On China-related economy and trade bills: Till August 2007, the 110th Congress, First Session, Legislation related to China, has raised more than 30 China-related bills, which include, among others, China trade bills, trade deficit with China, the Renminbi (RMB) exchange rate, anti-dumping probe, food safety, market access, trade subsidy, intellectual property protection, China' s implementation of commitment to WTO and China market status.
Nine bills are related to the RMB exchange rate alone. The U.S. Senate Committee on Banking, Housing and Urban Affairs on July 26 and August 1, 2007 passed the Currency Exchange Rate Oversight Reform Act (2007) and the Currency Reform and Financial Market Access Act (2007).
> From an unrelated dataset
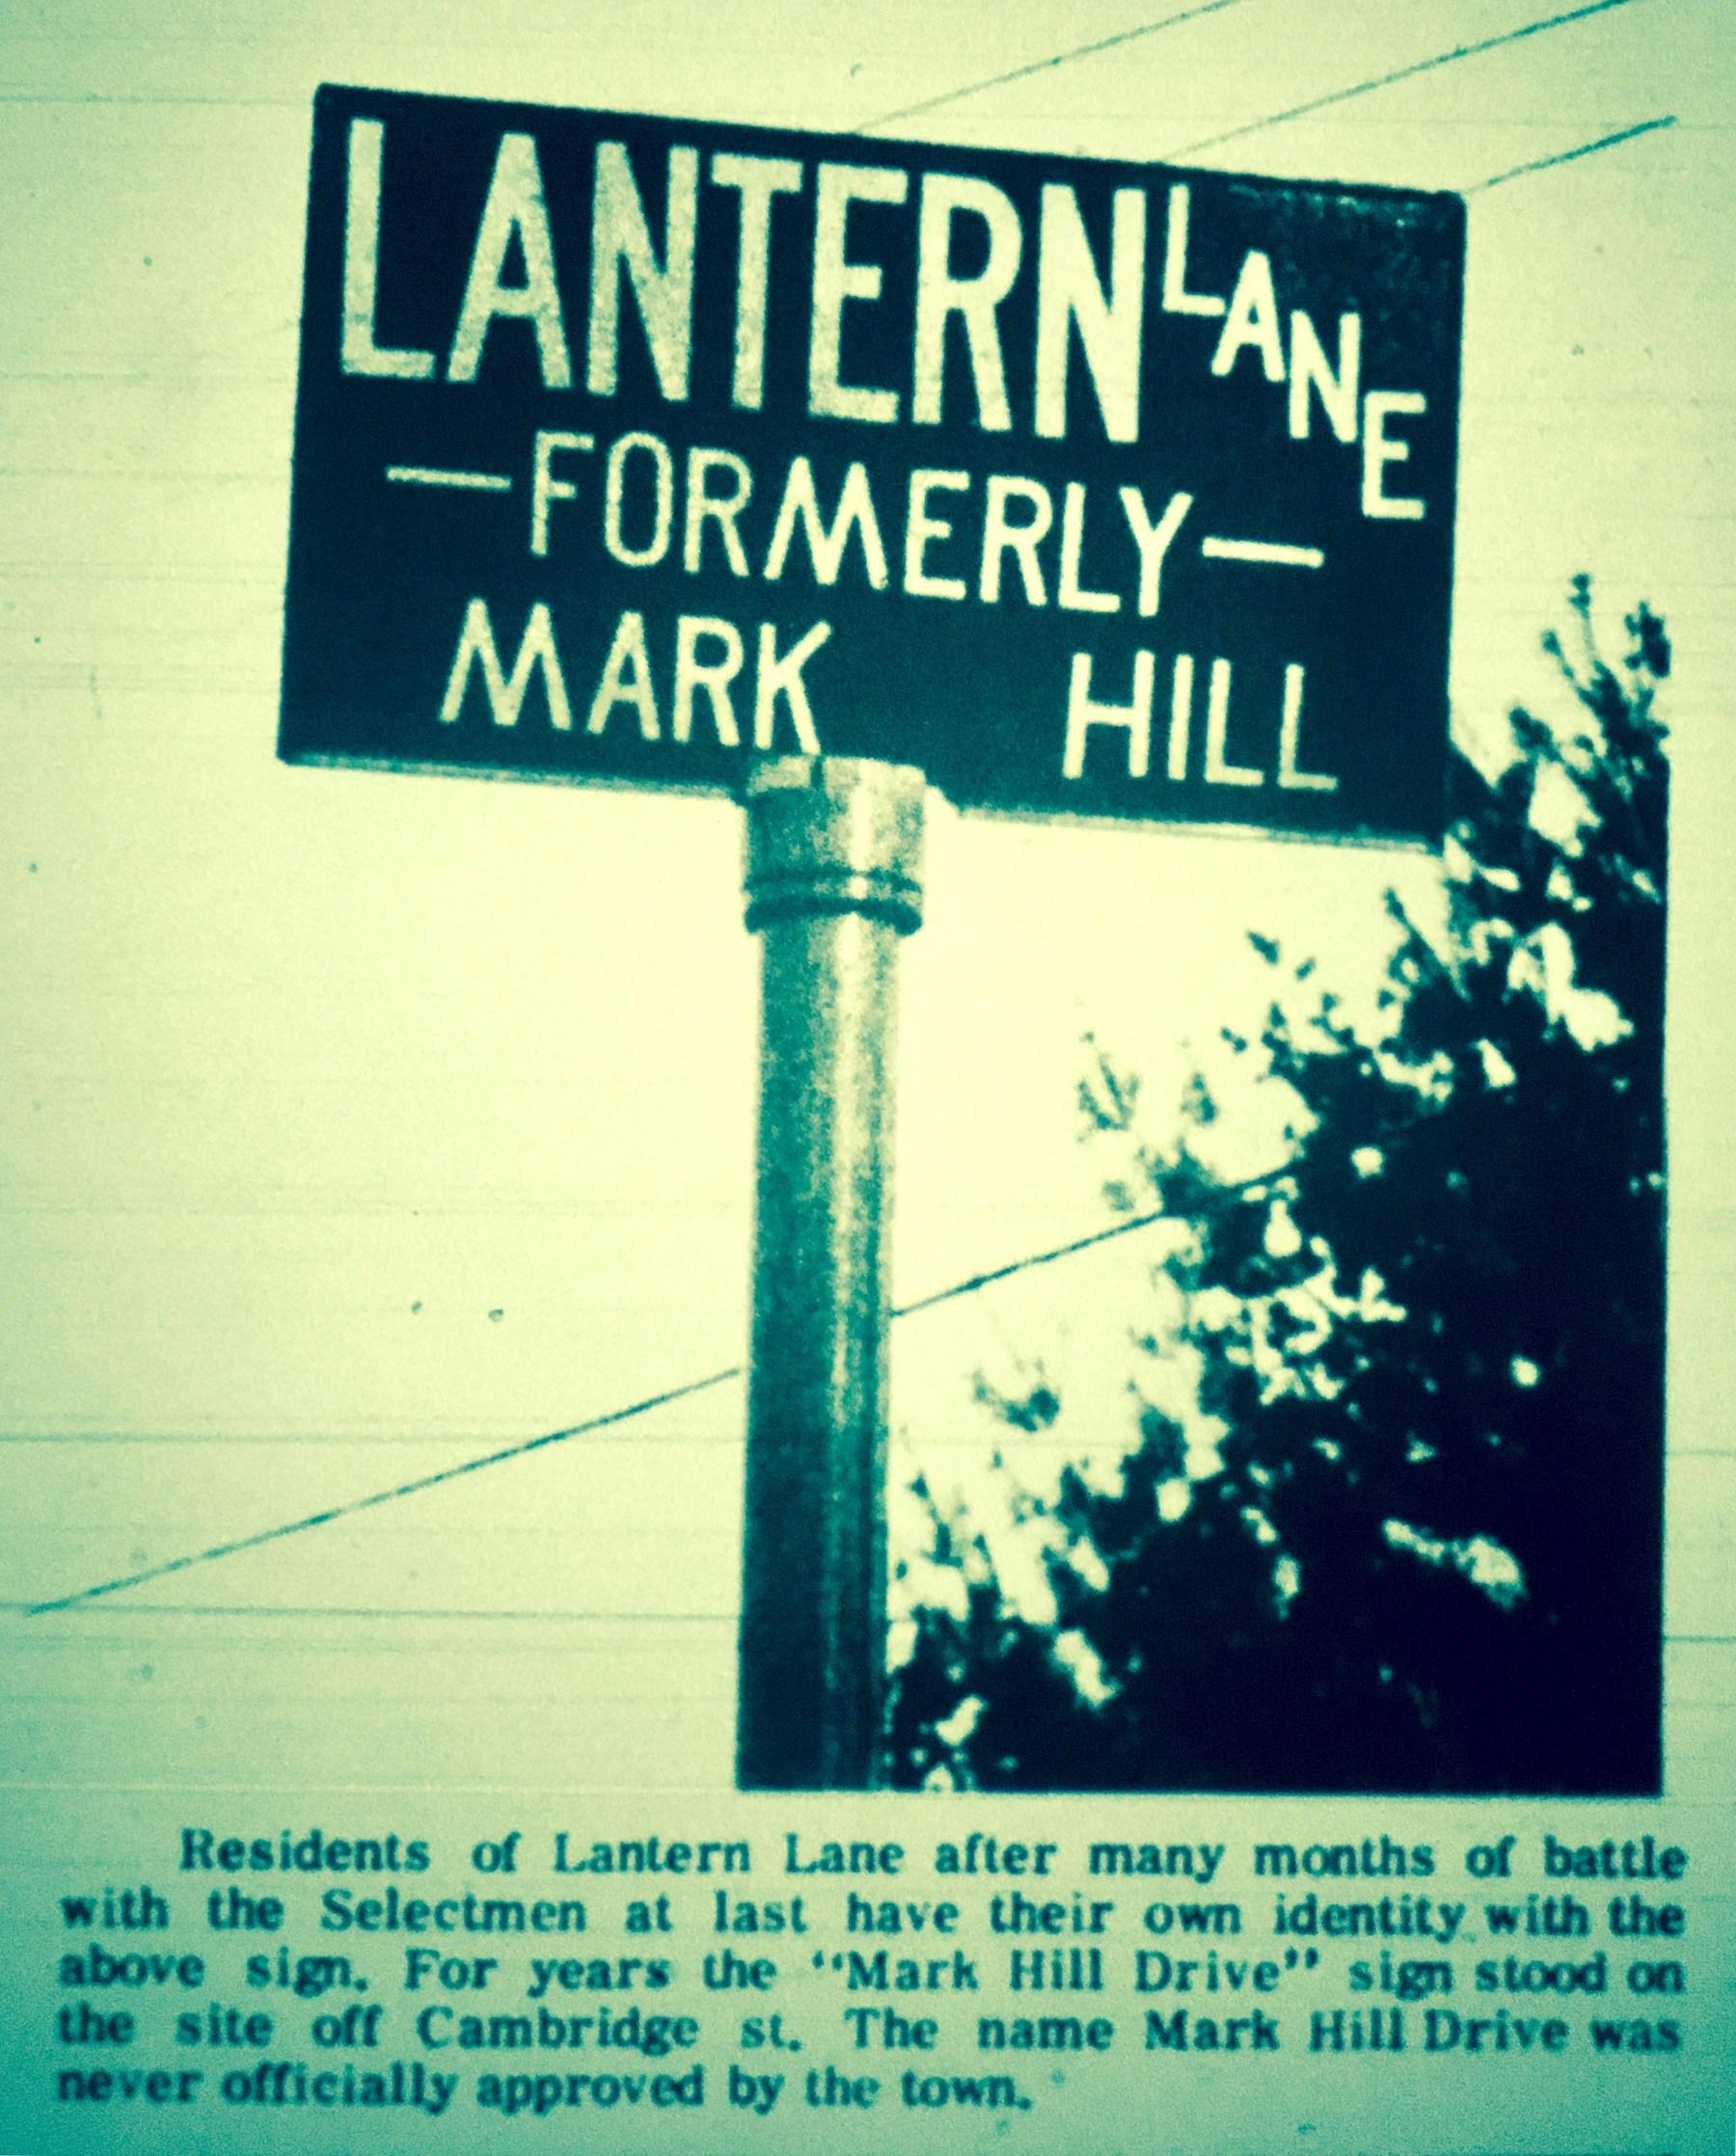 Lantern Lane/Mark Hill subdivision sign, Burlington MA 1966

As a matter of fact, the RMB exchange rate against the U.S. dollar had risen by close to 10 percent between July 2005 and August of 2007. Some ace US economists, however, acknowledged that the adjustment of China' s currency exchange rate alone could not solve the trade imbalance between the two countries.
On China' s product quality and food safety issue: The question of product quality and food safety poses a common challenge for the entire world. As a big responsible developing nation, China has attached great importance to the product quality and safety. Its government has formulated close to 80 commodity quality and safety laws, codes and regulations along with 660 sets of hygienic state criteria on food safety. Not long ago, the State Council, or the central government, promulgated its Special Regulations on the Safety Supervision and Administration of foods and other products.
Meanwhile, relevant statistics from the U.S. Food and Drug Administration (FDA) have indicated that the qualification rate of the US food imports from China was 99 percent, 99 percent and 99.2 percent. Statistics from the US and ITC have also shown that China was not the country with the most batches of food import ferreted out at ports in the U.S.
With regard to those commodities, which indeed have a few problems, the Chinese government will carry out serious, conscientious probes into any of them instead of concealing or evading responsibility, and impose punitive means on those units (or individuals) held responsible in compliance with related laws. At present, it has resorted to tougher and still more strict supervisory and managerial measures.